Ottawa Citizen

We’re sending more trash to the dump than to recycling

City hall close to completing first phase of new solid-waste plan to protect landfill

- JON WILLING jwilling@postmedia.com twitter.com/JonathanWi­lling

Residents with curbside garbage collection have been diverting just under half of their household trash to recycling boxes and green bins as the city moves closer to developing a new solid-waste master plan that could force people to be more environmen­tally conscious.

The city released the 2019 waste data Thursday as it completes the first of three phases to develop the new plan, which will ultimately aim to protect the municipal landfill from reaching capacity and encourage more people to recycle. The Trail Road dump is currently projected to reach capacity in 2041.

The first phase paints a picture of the city’s management of household garbage.

The municipal government is in charge of collecting and managing household waste. City hall doesn’t manage waste generated by the industrial, commercial and institutio­nal sector.

Of the 338,564 tonnes of waste generated by households and municipal facilities in 2019, 24.6 per cent was organic waste and 18.2 per cent was recyclable material. The trash collected each week at the curbside accounts for about 82 per cent of the total volume of waste, with the rest coming from multi-residentia­l buildings and city facilities.

The city’s 2019 waste-diversion rate for curbside collection was 49 per cent.
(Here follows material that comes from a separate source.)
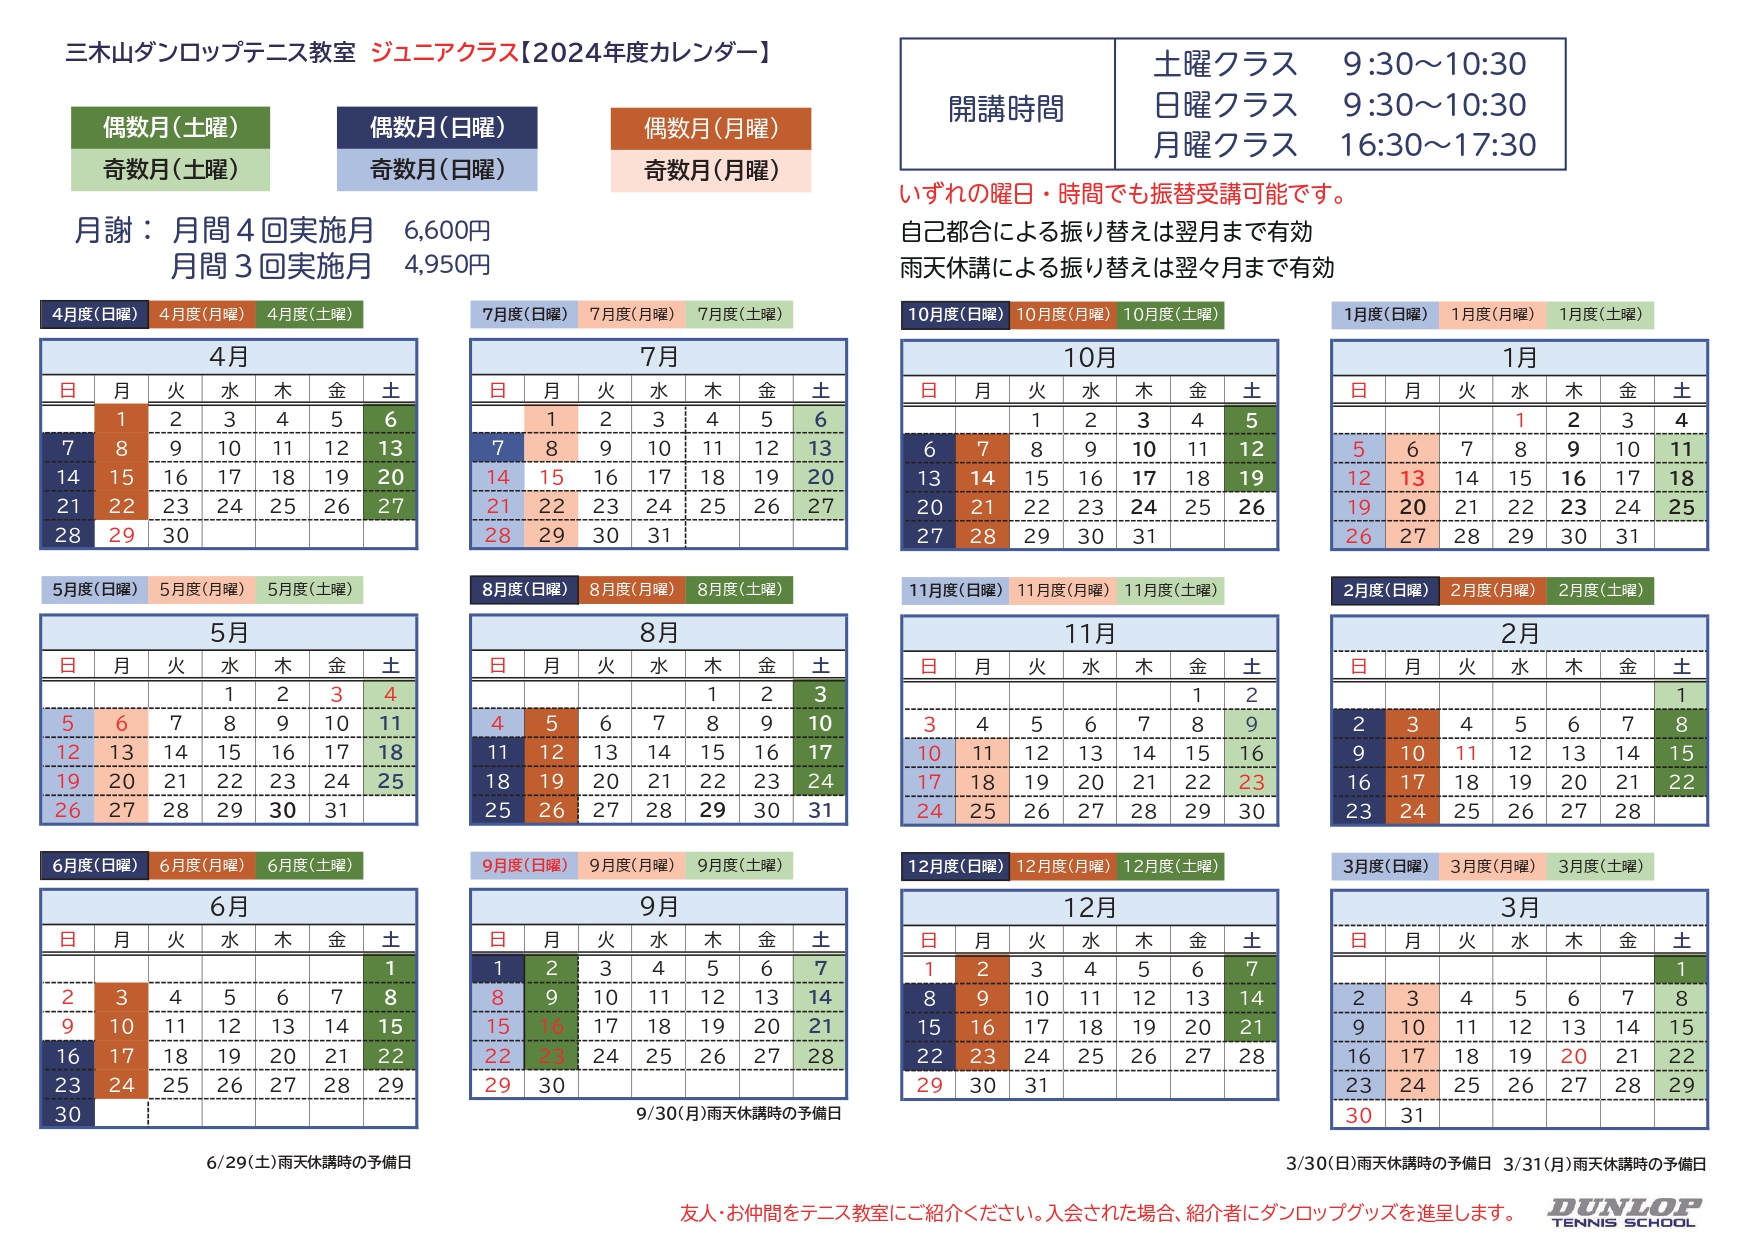 ダンロップテニススクール三木山 ジュニア 日程表

The diversion rate for multi-residentia­l buildings and city facilities was 17 per cent. The city pegs the overall diversion rate at about 43 per cent in 2019.

Many categories of city facilities aren’t great at recycling. Arenas, for example, only divert 4.3 per cent of waste to recycling programs. Recreation centres divert 29.1 per cent of trash.
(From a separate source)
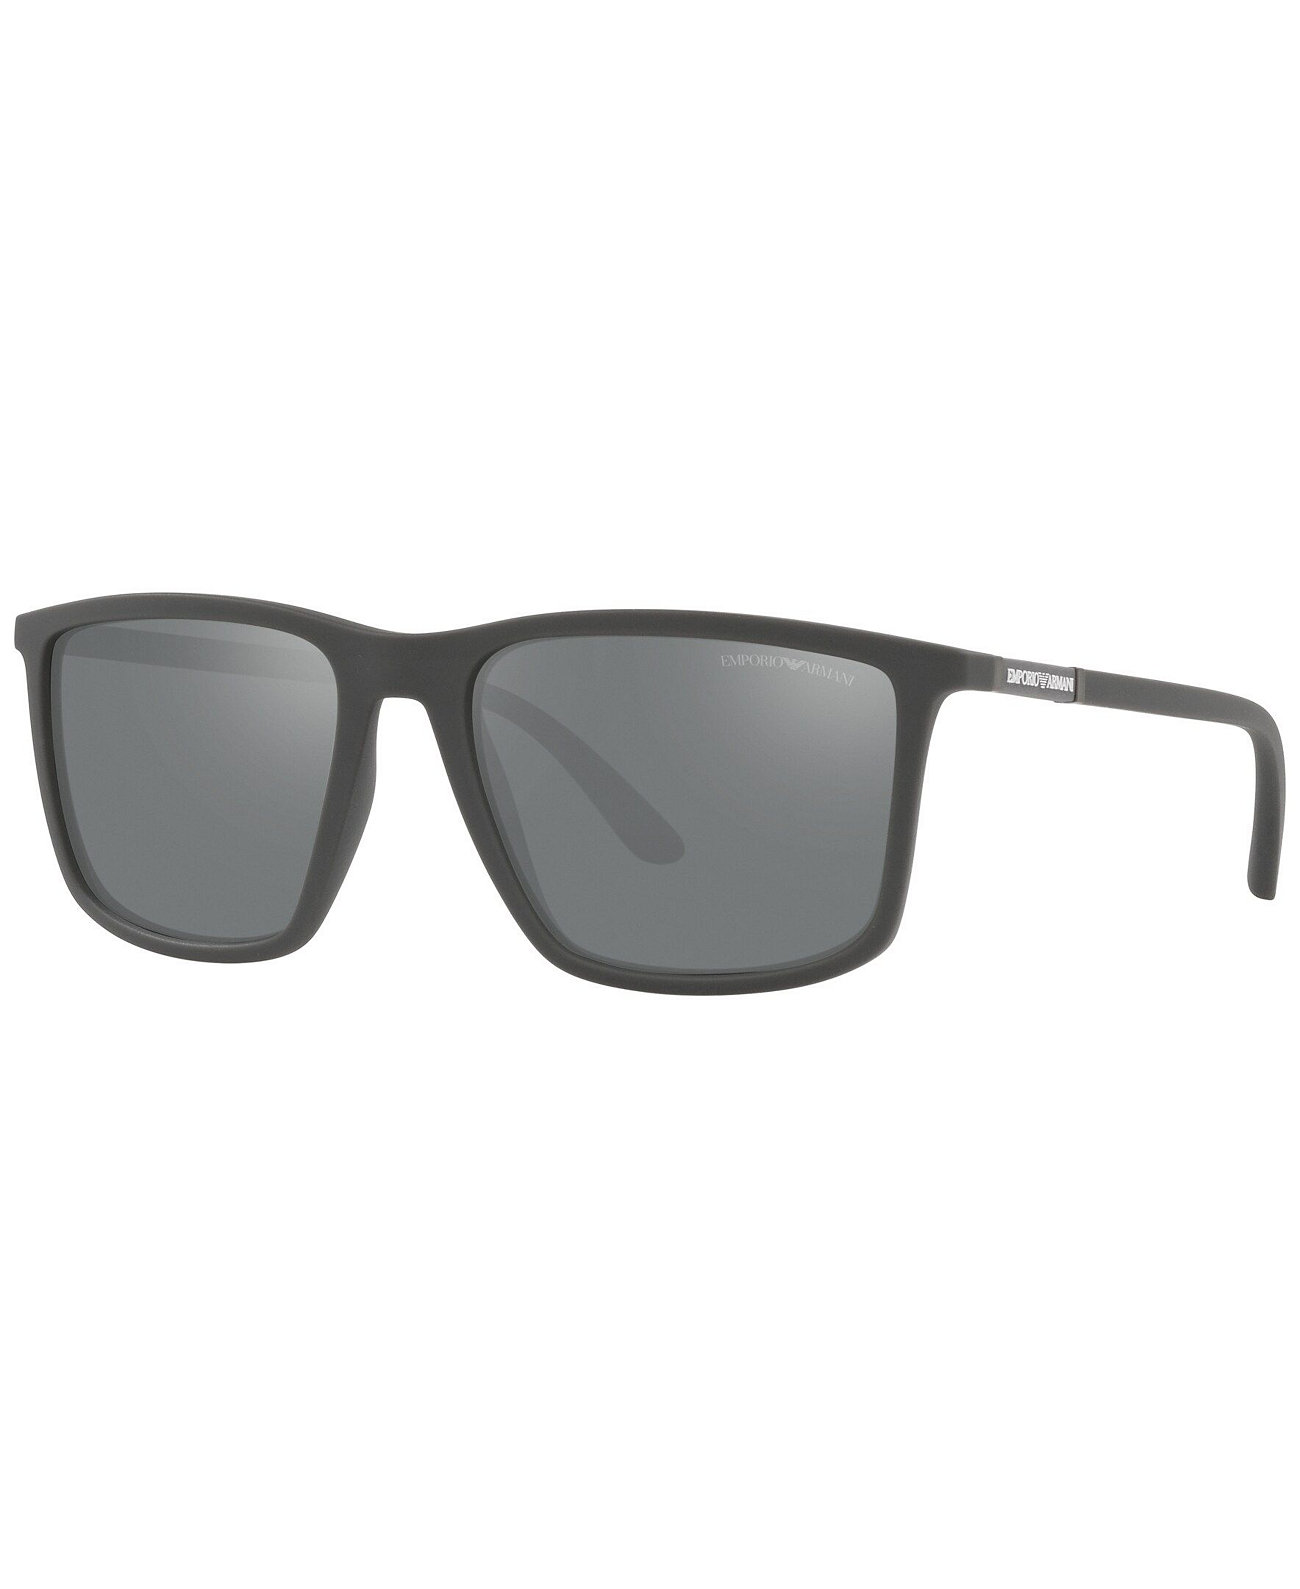 Мужские солнцезащитные очки, EA4161 57 Emporio Armani

There are some bright spots, however; municipal long-term care homes divert 60.9 per cent of trash to recycling programs.

Of all the garbage that went to the municipal dump in 2019, 58 per cent was “wrongfully disposed of,” the city says. The overwhelmi­ng majority of that waste could have been put in the green bin.
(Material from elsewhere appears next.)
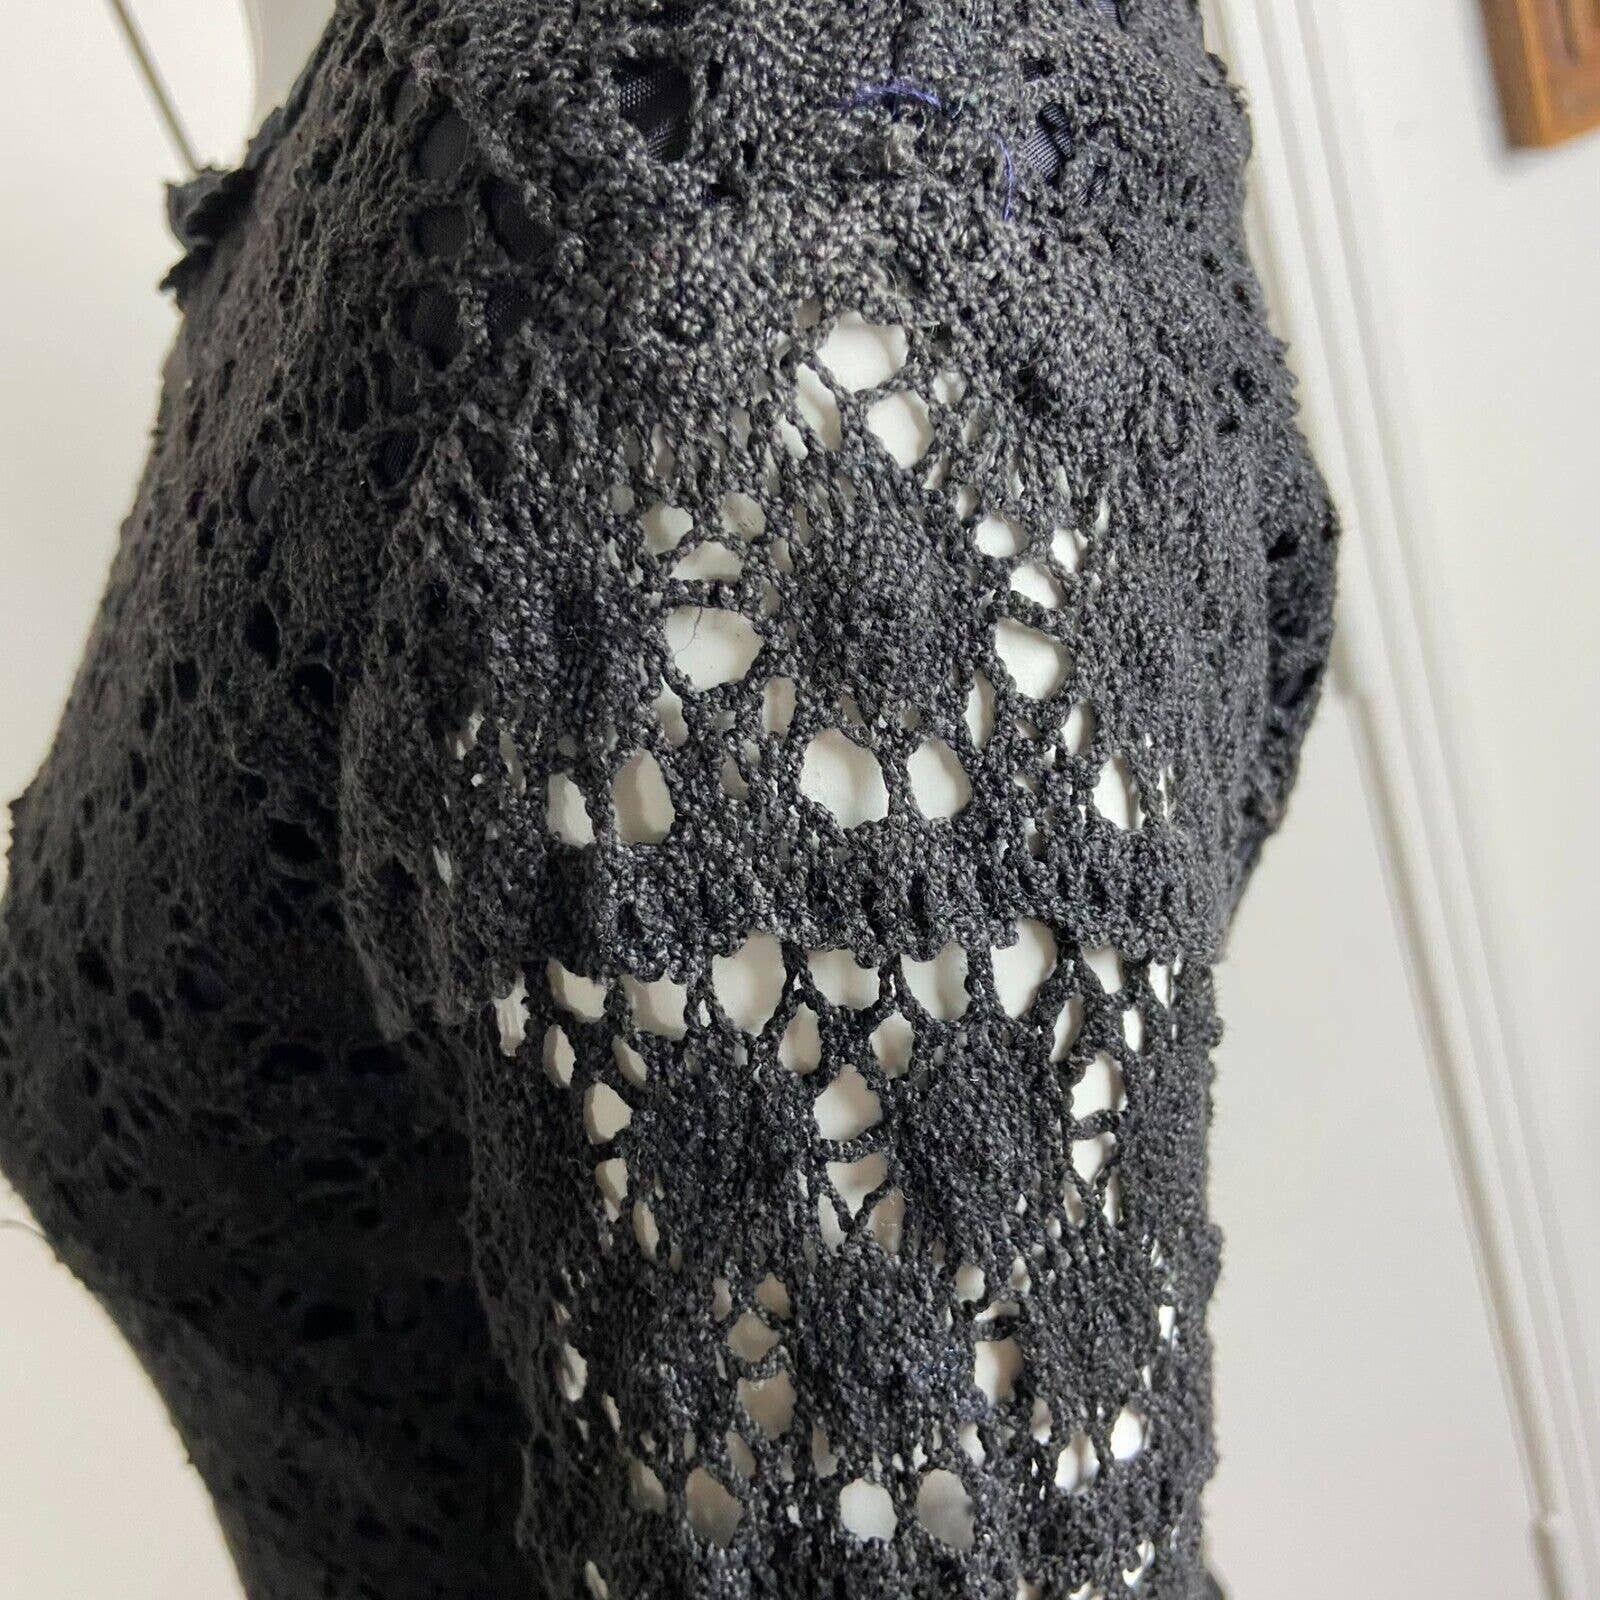 Handmade Vintage 60s 70s Black Crochet Lace Mini Shift Dress Size S / US 4 / IT 40 - 10 Preview

Nichole Hoover-Bienasz, a program manager in solid-waste services, said the city has seen green bin tonnages increase and it’s been a “promising trend.” The city started allowing people to put their organic waste in plastic bags last July.

However, Hoover-Bienasz noted the city isn’t sure how many people are using their green bins. The city is planning a citywide green bin participat­ion study this year, she said.

Along with researchin­g recycling programs, the city is monitoring technologi­es that process residual waste. The city last toyed with non-landfill residual waste processing when it piloted Plasco Energy Group’s technology, a partnershi­p that failed in 2015.

Coun. Scott Moffatt, chair of the environmen­t committee, said he would be open to have companies pitch their technologi­es to the city and have them compete for the business. The city shouldn’t go all-in with one company like it did with Plasco, Moffatt said.

The city released details about the first phase of the solid-waste plan through a video briefing with councillor­s and staff since committee meetings are being reserved for matters with sensitive statutory timelines during the COVID-19 crisis.

The second phase of the plan, which will come up with waste-management options, will last until around mid-2021. The final phase will end with a draft plan presented to council in early 2022.